For the second school year, I’m the liaison on the School Board’s Career and Technical Education Advisory Committee (CTEAC). I love this! 

From where I sit, the conversation about workforce development centers on these ideas:

  • Prepare all students for their own pathway for success after high school. Graduates have lots of options, but only if they depart high school with 1) skills of a desirable worker (reliable, responsible, self-motivated, and communicative), 2) general or specific ideas of what further knowledge they need (i.e., content area or specific profession – which points them toward needed post-secondary education) to launch onto an initial career path, and 3) knowledge to navigate adulthood (financial literacy, civics and law, culture, self-care, social norms).     
  • Workforce preparation begins before high school. Get students engaged in middle school and even the primary grades! Presenting students with examples of professions, jobs, and pathways early in age-appropriate ways will peak students’ curiosity, interest, and imagining. 
  • Streamline connections between employers and K-12 schools. School divisions should consider what it takes for employers’ to partner with them. Ask, “What’s the experience like for an employer trying to partner with us?” Further: Is it clear to employers who they should initiate conversation with, and what the school division needs? What are the options for whole school-division partnership and for school-level partnership? Ultimately, what’s the story that a school division is telling to potential employer-partners about how to work collaboratively to prepare desirable workers?

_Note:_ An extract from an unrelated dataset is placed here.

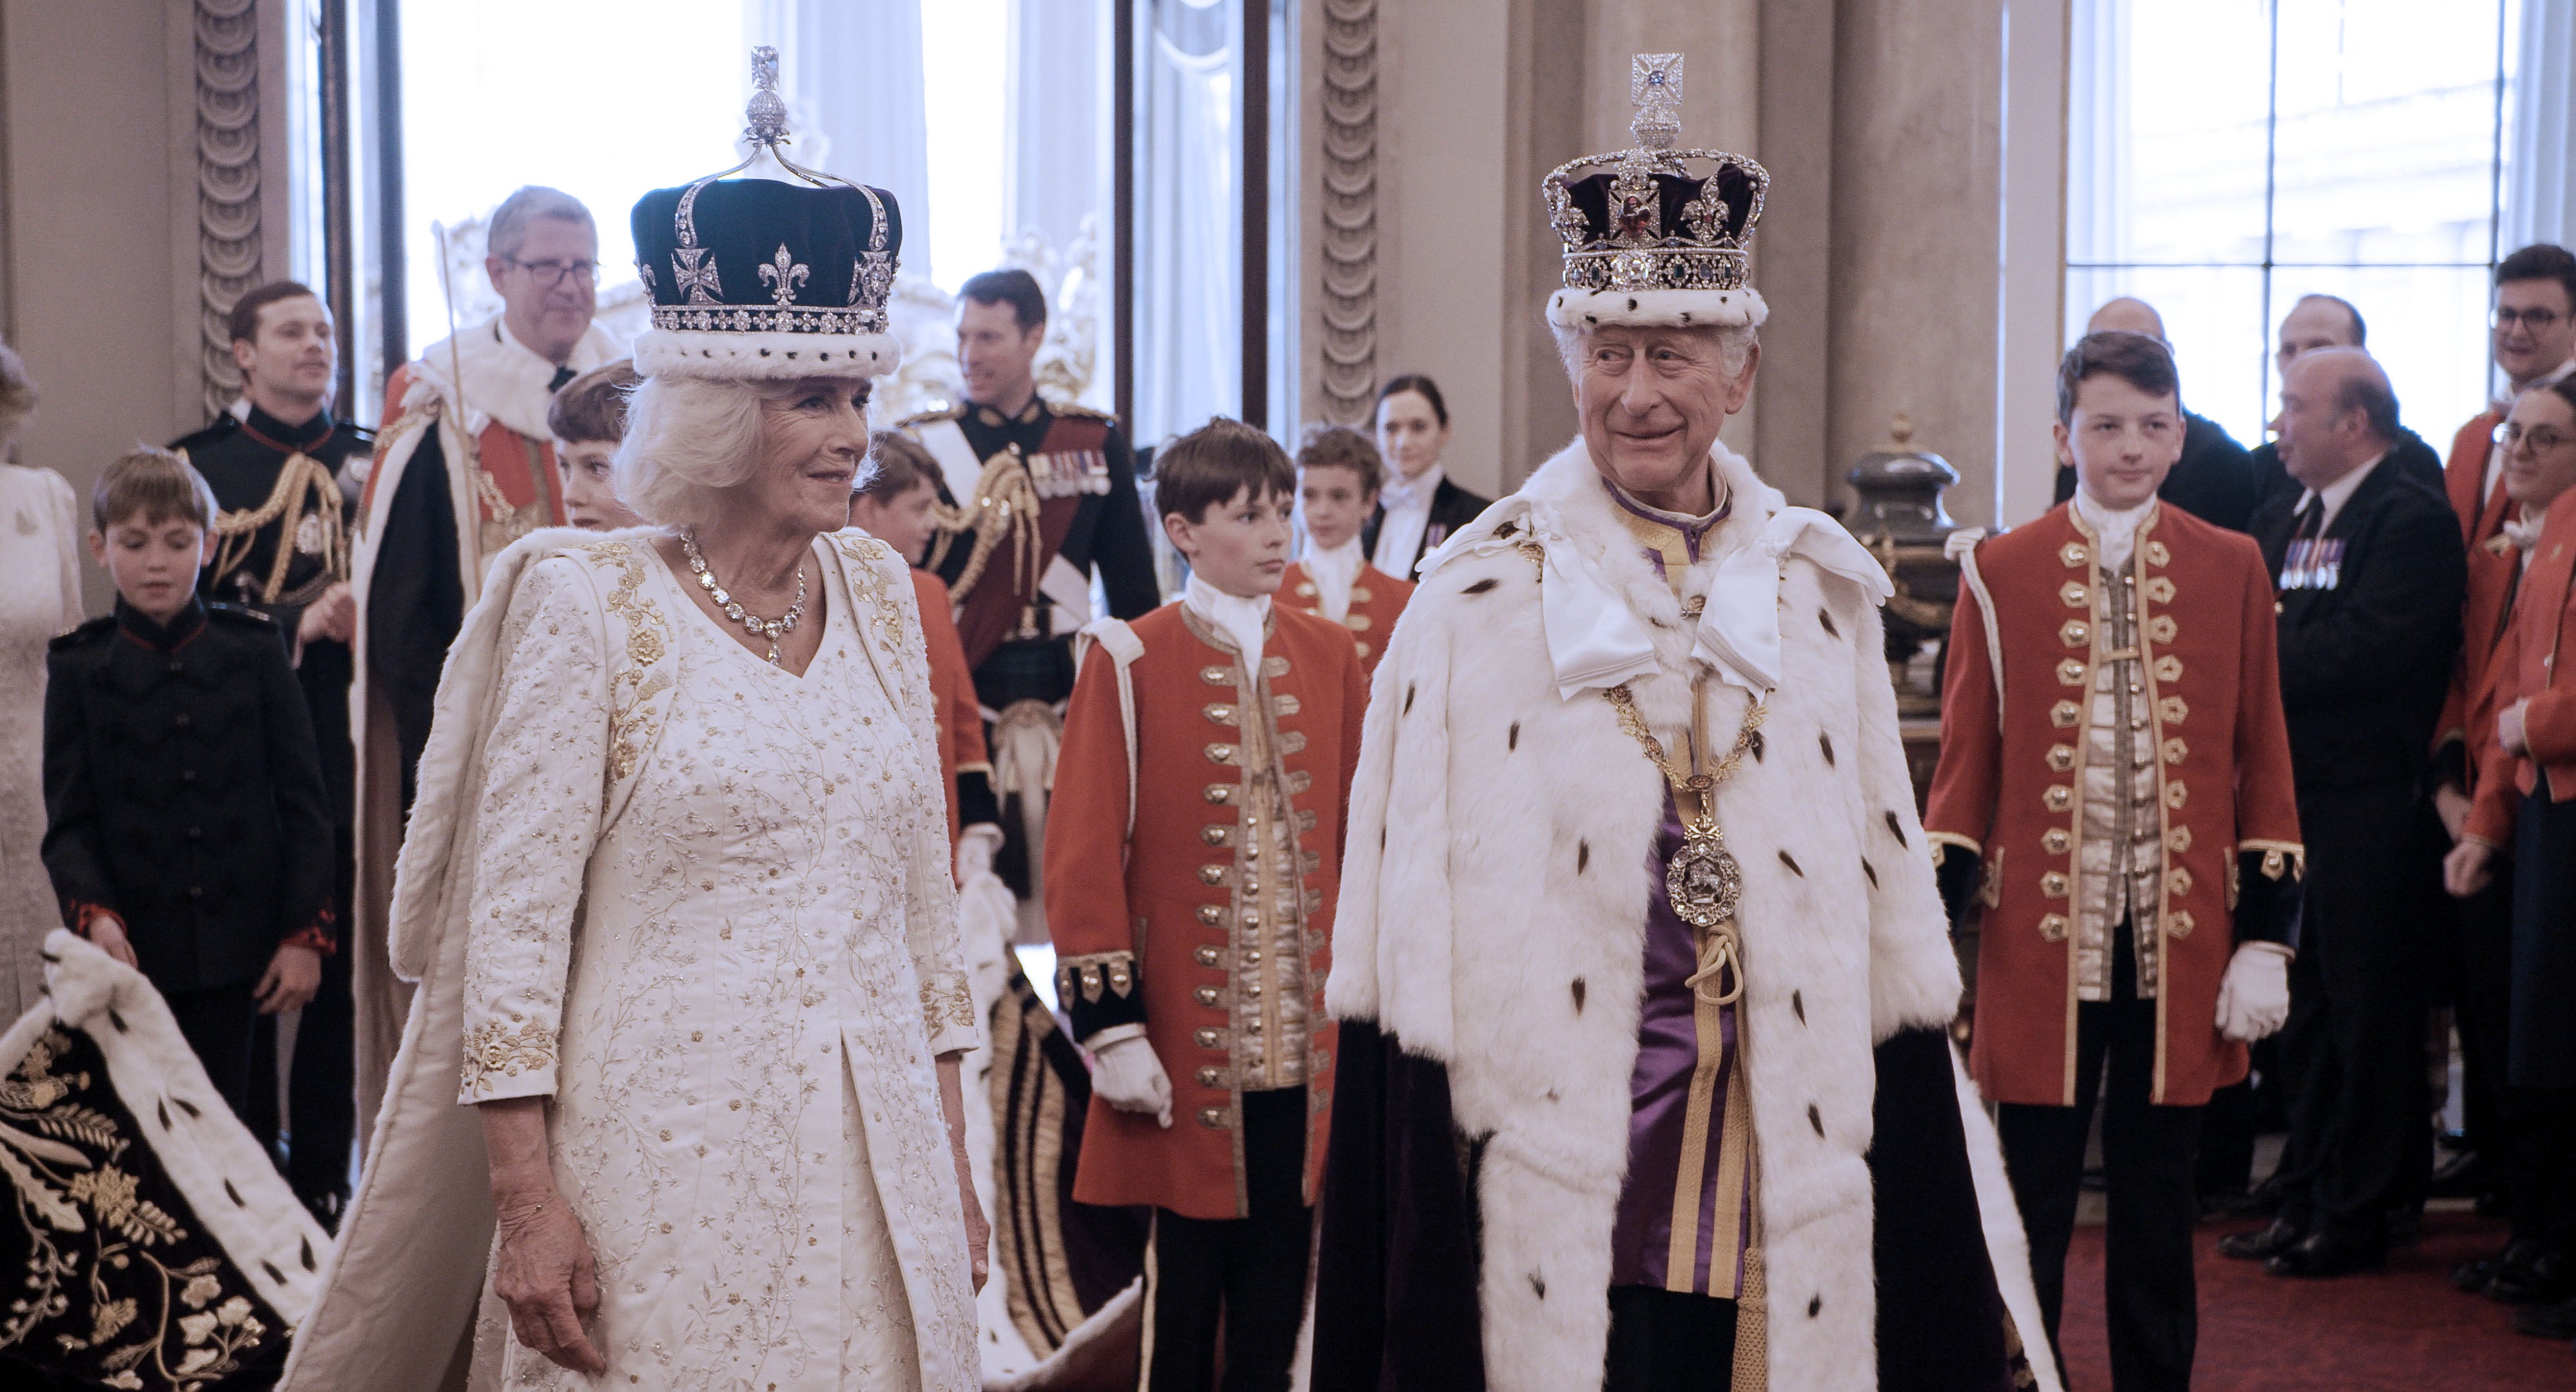 King Charles III and Queen Camilla in coronation gowns and crowns at Buckingham Palace on the big day
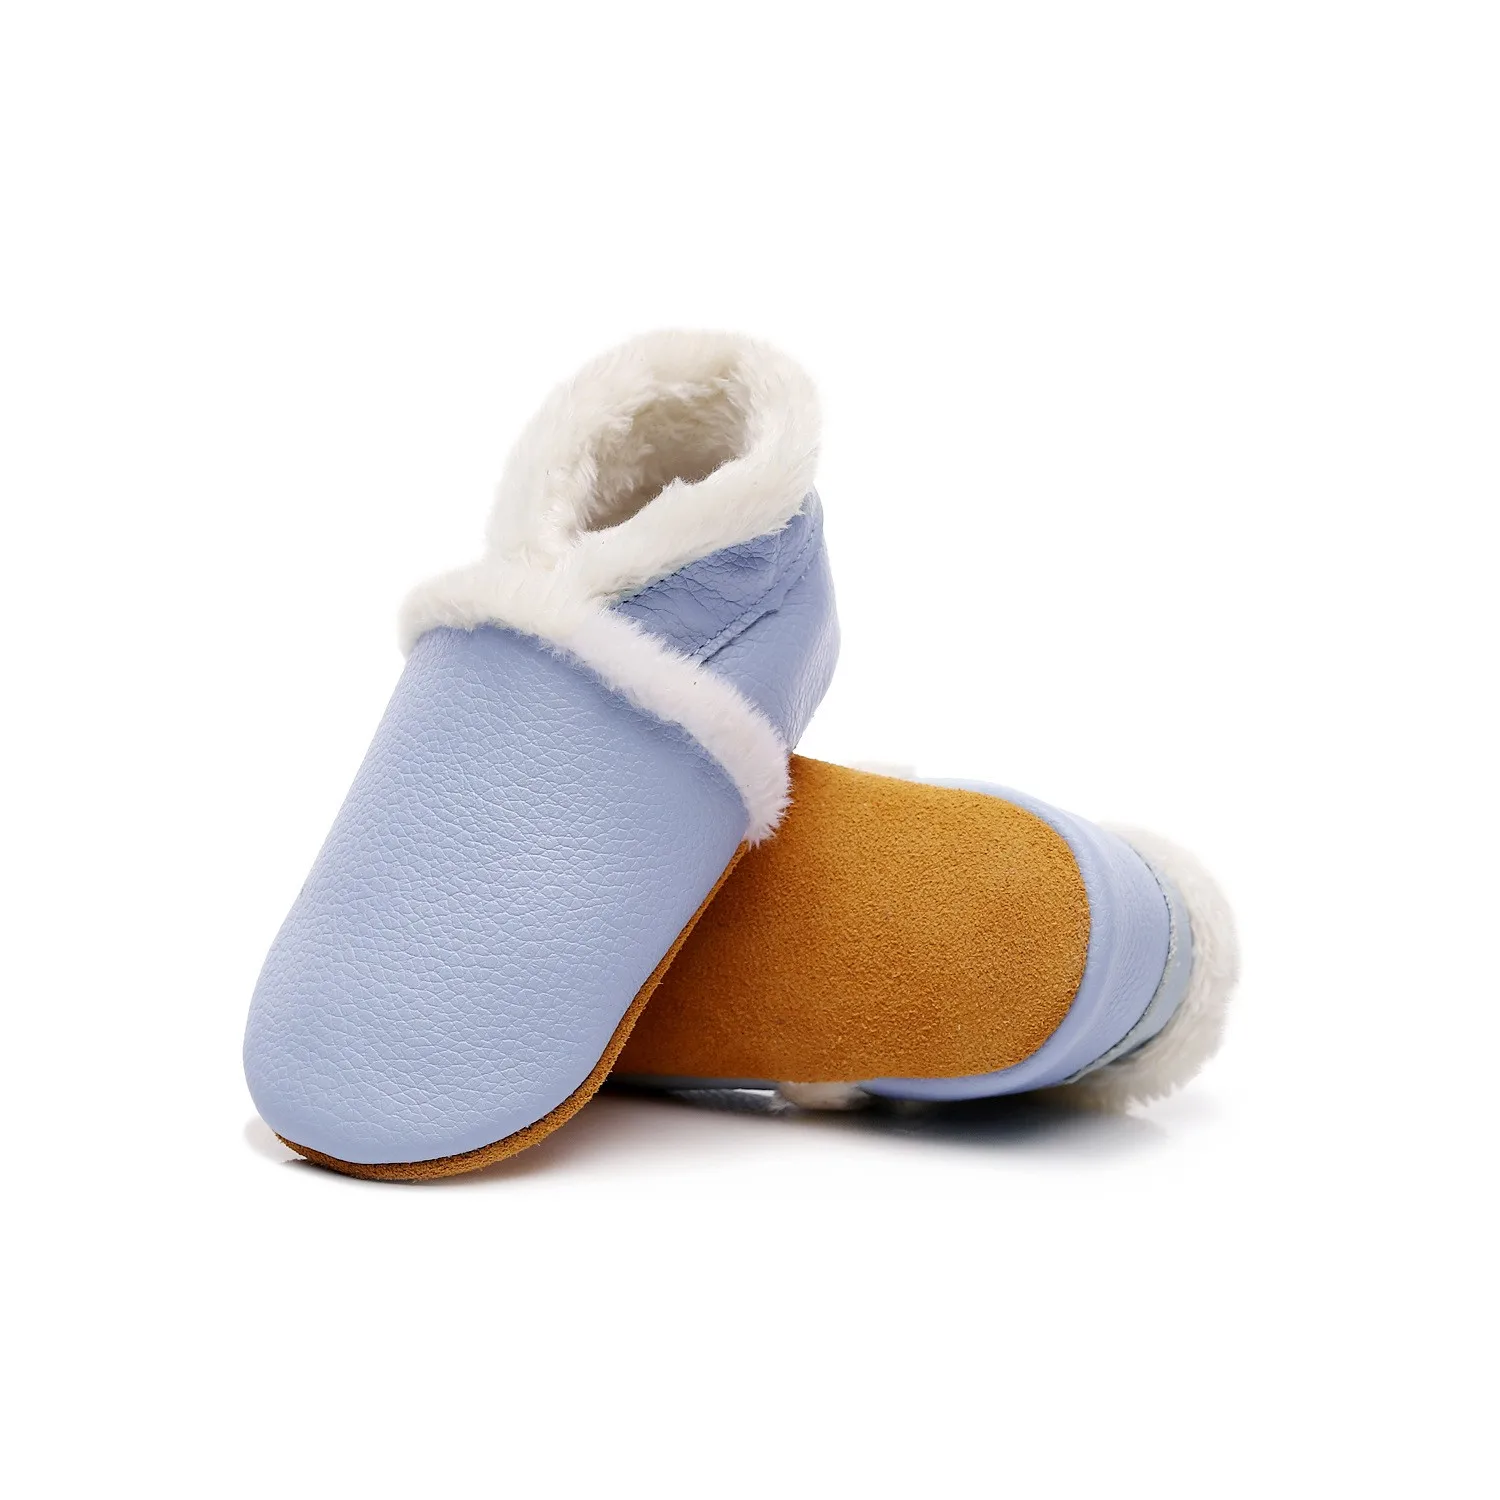 winter baby shoes 25

  • Create solutions with limited staffing. The national teacher shortage in America extends to career and technical educators. Creative solutions: scheduling “professors of the practice” – i.e. current professionals in a field – to teach a semester-long course in specialty areas. How about fast tracking credentialing and hiring of non-working spouses who may be “stationed” in the community for their partner’s job? This can include US residents or those from abroad – bring added benefits of diversity and world language skills.